O espaço exótico e tropical possui um encantamento
que supera a realidade (MENEGAZZO,
2001, p. 119).
Entendamos que Taunay pertencia
a uma elite, que representava o poder monárquico, mas que escreveu seus relatos
com o ‘olhar’ do europeu, nos campos de guerra. O olhar do viajante, do estrangeiro
que ressignifica os valores dentro de sua visão de mundo, com os recortes do
olhar europeu, mas diante de um mundo estranho a ele e a toda a equipe: o
interior do Mato Grosso.
Se a estratégia
de hegemonia é, literalmente, insignificável sem a representação metonímica da
sua estrutura agonística e ambivalente de articulação,
como poderia a vontade coletiva estabilizar e unificar sua interpretação como agência de representação,
como representante de um povo? (BHABHA, 1998,
p.57).
Ao que havemos de tentar
responder: “Mover o enquadramento da identidade do campo de visão para o espaço da escrita põe em questão a
terceira dimensão que dá profundidade à
representação do Eu e do Outro” (BHABHA, 1998, p.81). Na citação acima, o autor Bhabha, em O Local
da cultura, aponta para a discussão de como a representação do Outro
adquire uma ambivalência desconstrutora como poder do conhecimento e da identificação
do sujeito. A identidade está confrontada na expectativa do Outro e é um modo contraditório
de representação do outro presente no discurso
colonial.
Quando falamos
em identidade; pensamos que as culturas são processos identitários linguísticos; os quais também conflitivos:
A
identidade étnico-cultural não é uma realidade muda, ela é fonte de sentido e de
construção do real, mesmo onde aparece como marginalizada. [...] Isto significa que a etnia, isto é, o pertencimento
étnico em processo, concorre na constituição de sujeitos e de grupos. É um elemento constituinte de práticas
sociais, e ao mesmo tempo as práticas
sociais vão constituindo a reconfiguração étnica (KREUTZ, 1998, p. 2).
Quanto a
reconfiguração étnica citada pelo autor Kreutz, percebemos também no texto de Vargas (2003), referindo-se ao povo Terena:
Aproximando
essa discussão identitária para a sociedade Terena, observa-se que ocorre um processo semelhante
ao pensamento do senso comum, ou seja, que os índios Terena não seriam (são) mais
índios de verdade, porque muitos deles não falam mais a sua língua, suas pautas culturais foram modificadas, alguns
estão nas universidades, disputando
trabalho com os não índios, deixando suas terras indígenas e morando nas cidades próximas a elas, em busca
de melhores condição de vida e de trabalho (VARGAS, 2003, p.35).
E em Taunay
(1997), o índio ‘transformado’ pelas influências culturais, étnicas, geográficas,
pela perda do seu território após a guerra, originou uma transformação nos grupos
indígenas, pois almejavam buscar melhores condições de sobrevivência e subsistência.
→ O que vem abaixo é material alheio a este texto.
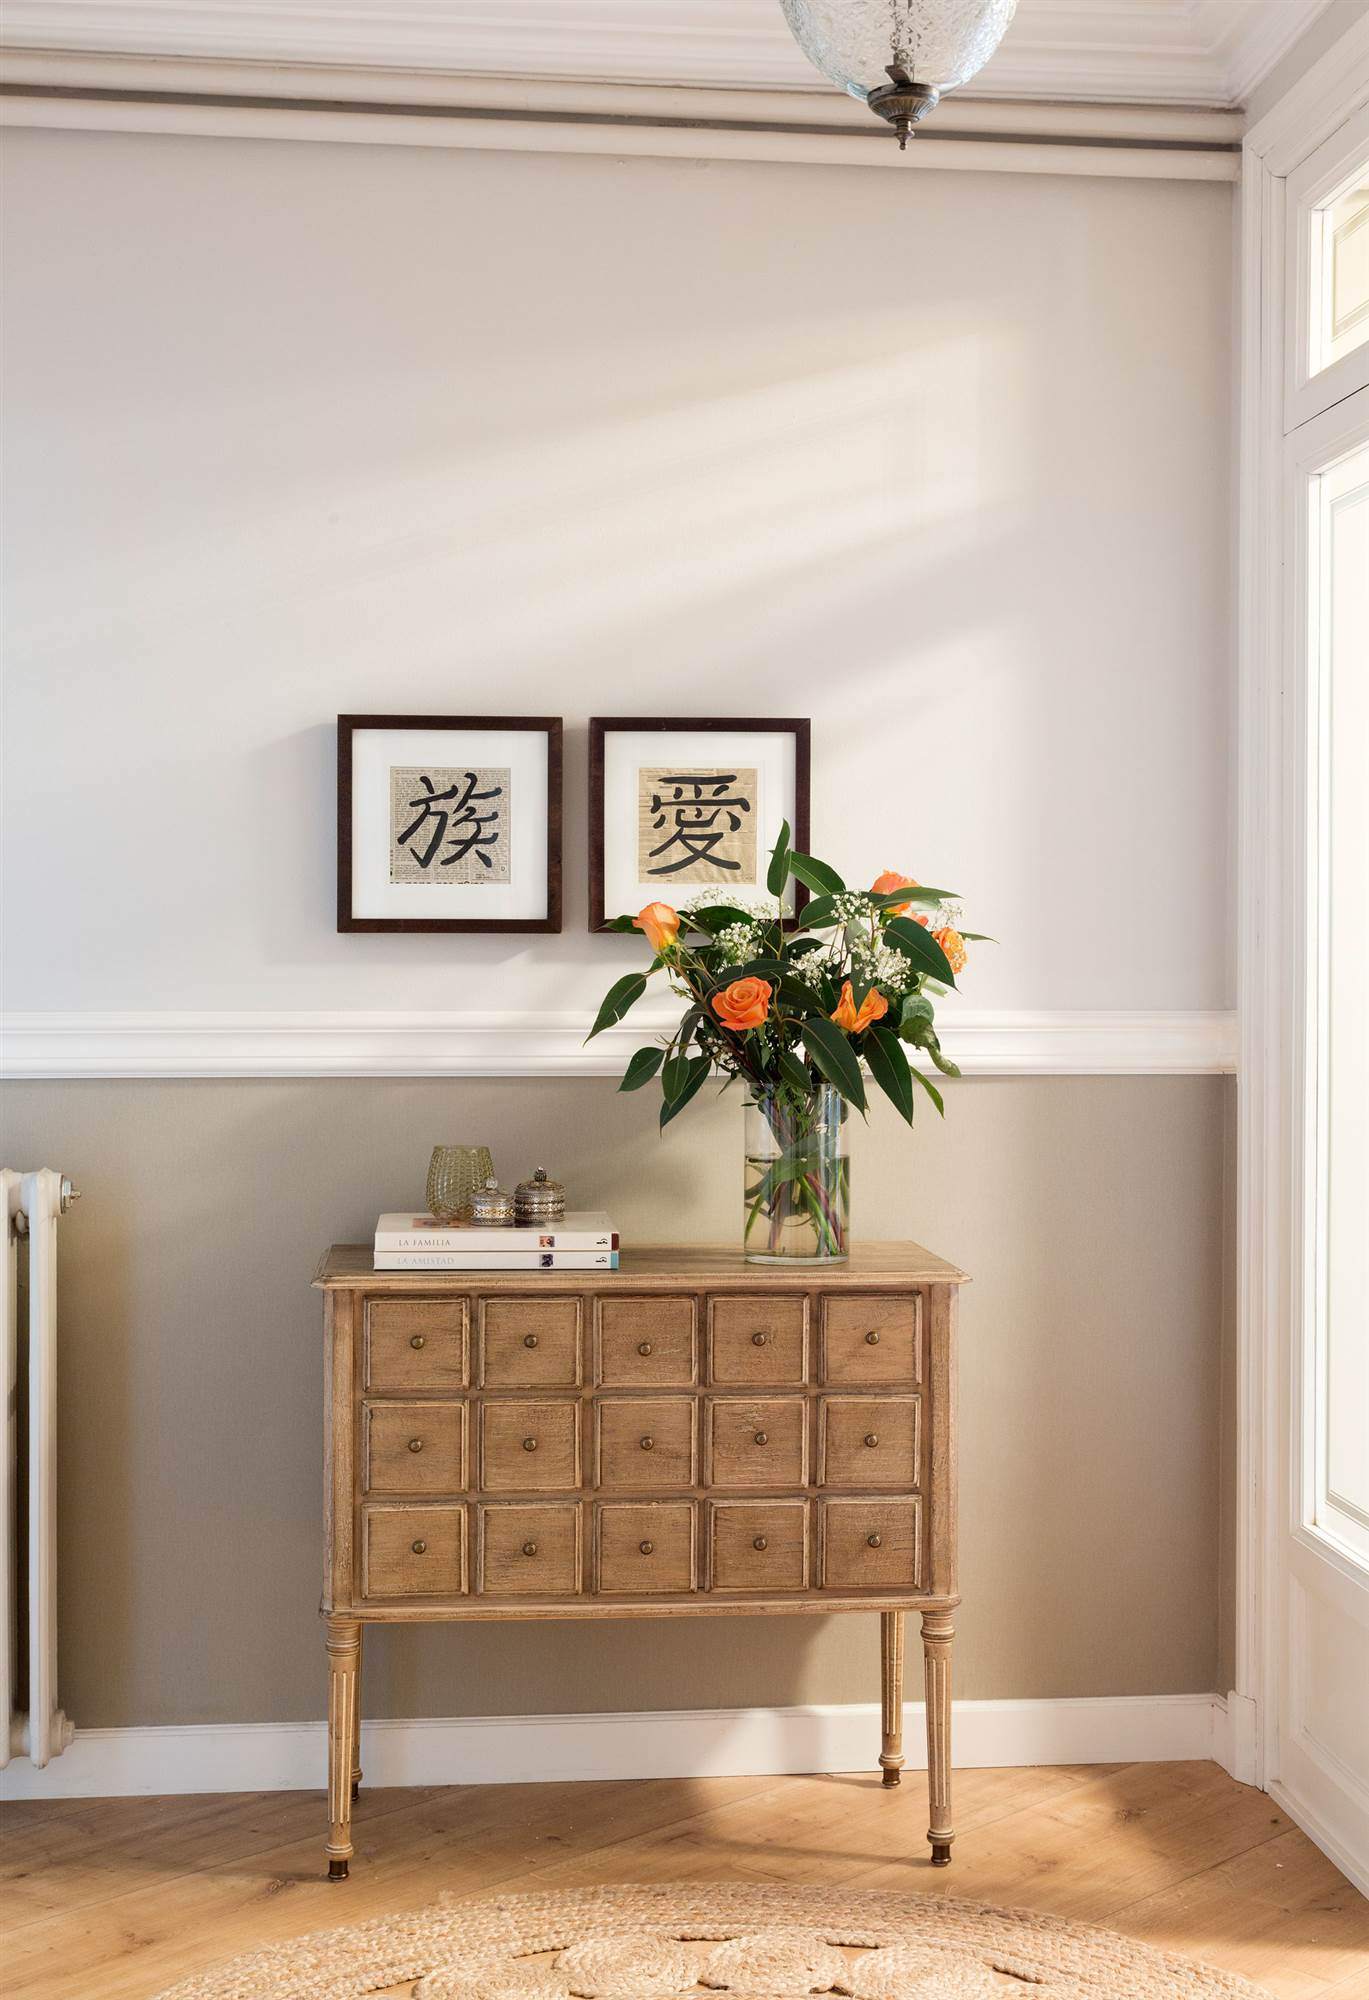 Recibidor muebles zapateros e ideas para recibidores elmueble - Mueble recibidor madera ...
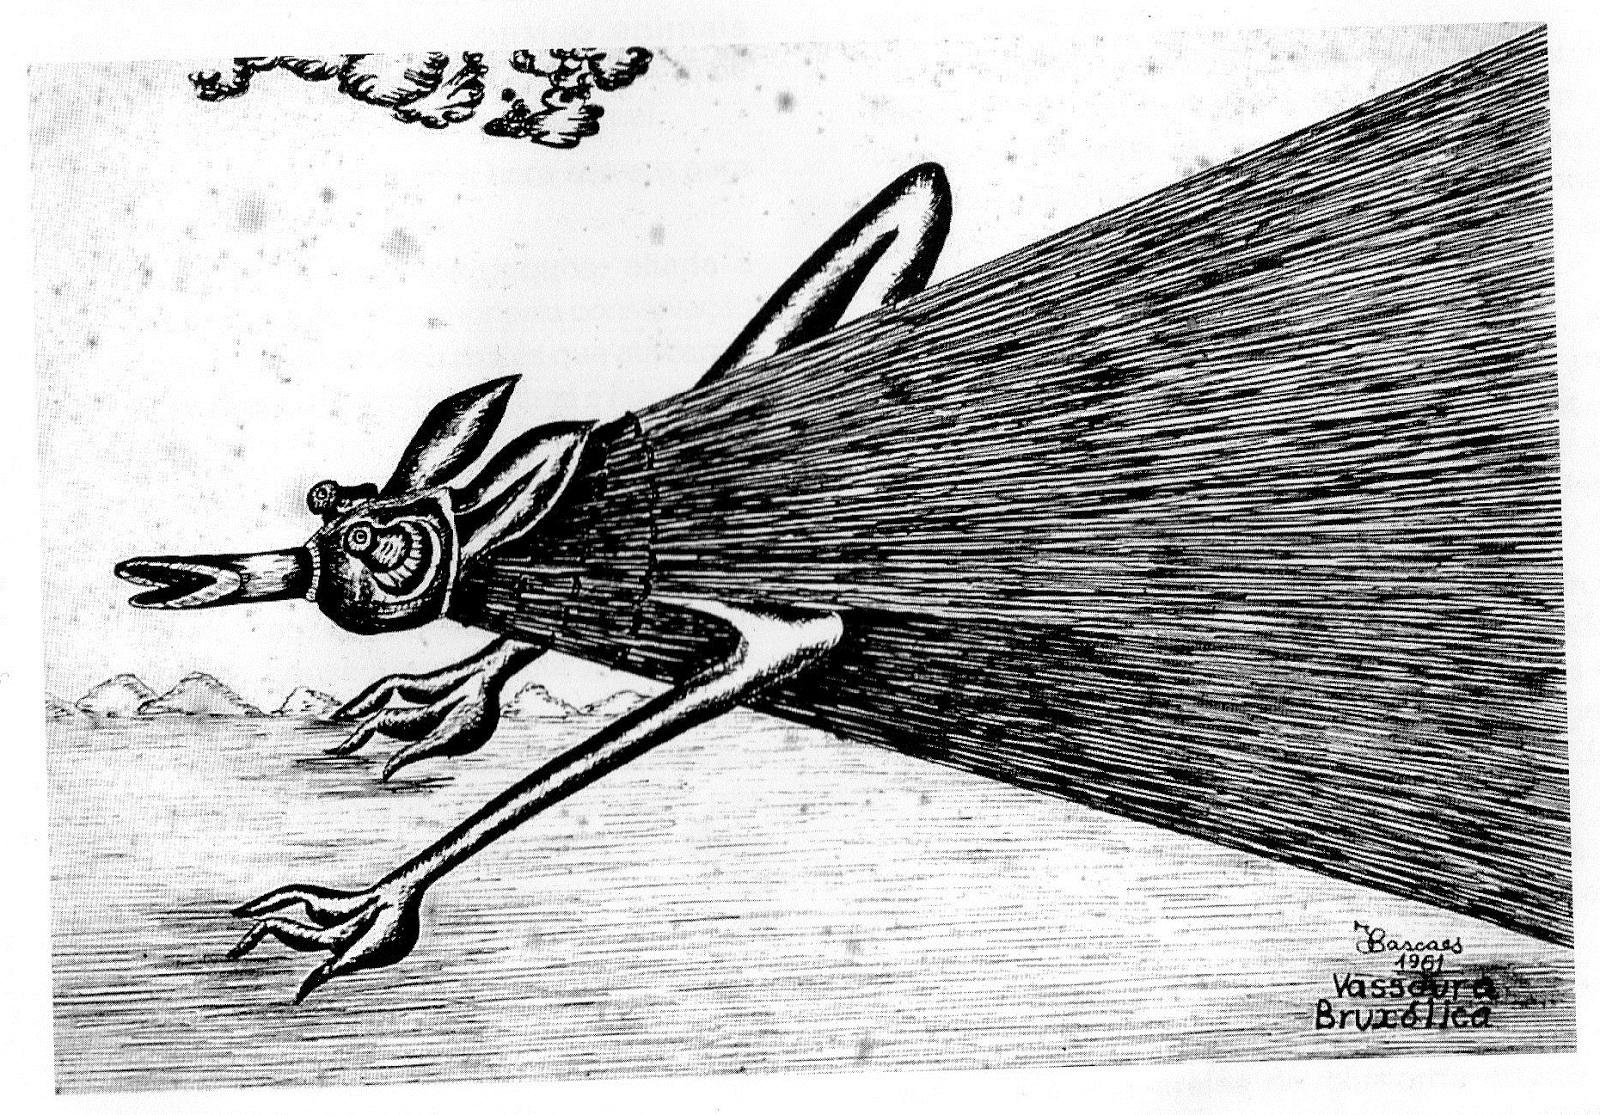 Vassoura bruxólica, obra de Cascaes de 1961 - Divulgação

Como vemos em Vargas (2003), o homem indígena procurou
as cidades, na tentativa de mudar sua condição, estudando e assumindo os conceitos
do homem não índio.
A relação aos
índios Terena, pode-se dizer que as transformações culturais não foram somente resultados
de suas pautas culturais de convívio. As próprias forças sóciopolítica-econômicas
da sociedade regional forçaram
a isso: a Guerra contra o Paraguai foi fator determinante
para o esparramo dos índios pelo território sul-mato-grossense. Tiveram suas aldeias destruídas
e os antigos territórios que ocupavam tomados pelas fazendas que começaram a se
formar na região. O esparramo indígena pelas fazendas aconteceu justamente
com o fim da referida guerra;
esse também foi o período em que os Terena formaram o principal grupo de trabalhadores da região, tornaram-se a mão-de-obra mais procurada pelos
fazendeiros, sendo também os responsáveis pelo desenvolvimento econômico daquela
região (VARGAS, 2003, p.35).
Na obra A
retirada da Laguna, não encontramos comentários sobre os índios ao final da
guerra. Alguns trechos no final da obra, que foram escritos em outras obras de Taunay, podem ser resgatados como importantes. Em A retirada,
porém, não encontramos abordagens
sobre as configurações étnicas provocadas pela mudança cultural ocorrida na guerra,
que os índios foram transformados em agricultores nas fazendas. Parece-nos
comum, ao autor, pois citou que os índios eram os que plantavam o milho e, nas
Memórias (2004), Taunay comentou sobre as lavouras e os cultivos dos Terena, tendo o cuidado de tratá-los como um povo educado e
trabalhador. Percebemos então,
nas palavras de Kreutz (1998), que o processo cultural é sempre um processo
conflitivo. O autor pondera: “[...] o tema do racismo não é apenas um ‘companheiro
de viagem da exploração colonial’, legitimando-a, mas também constitui um paradigma
profundamente vinculado com as lutas nacionalistas que acabaram desembocando nas duas Guerras Mundiais” (KREUTZ,
1998, p.10).
Entre a diversidade
e a diferença existe um abismo insondável, uma distância política, poética e filosoficamente
opressora. O outro da diversidade e o outro da diferença constituem outros dissimilares.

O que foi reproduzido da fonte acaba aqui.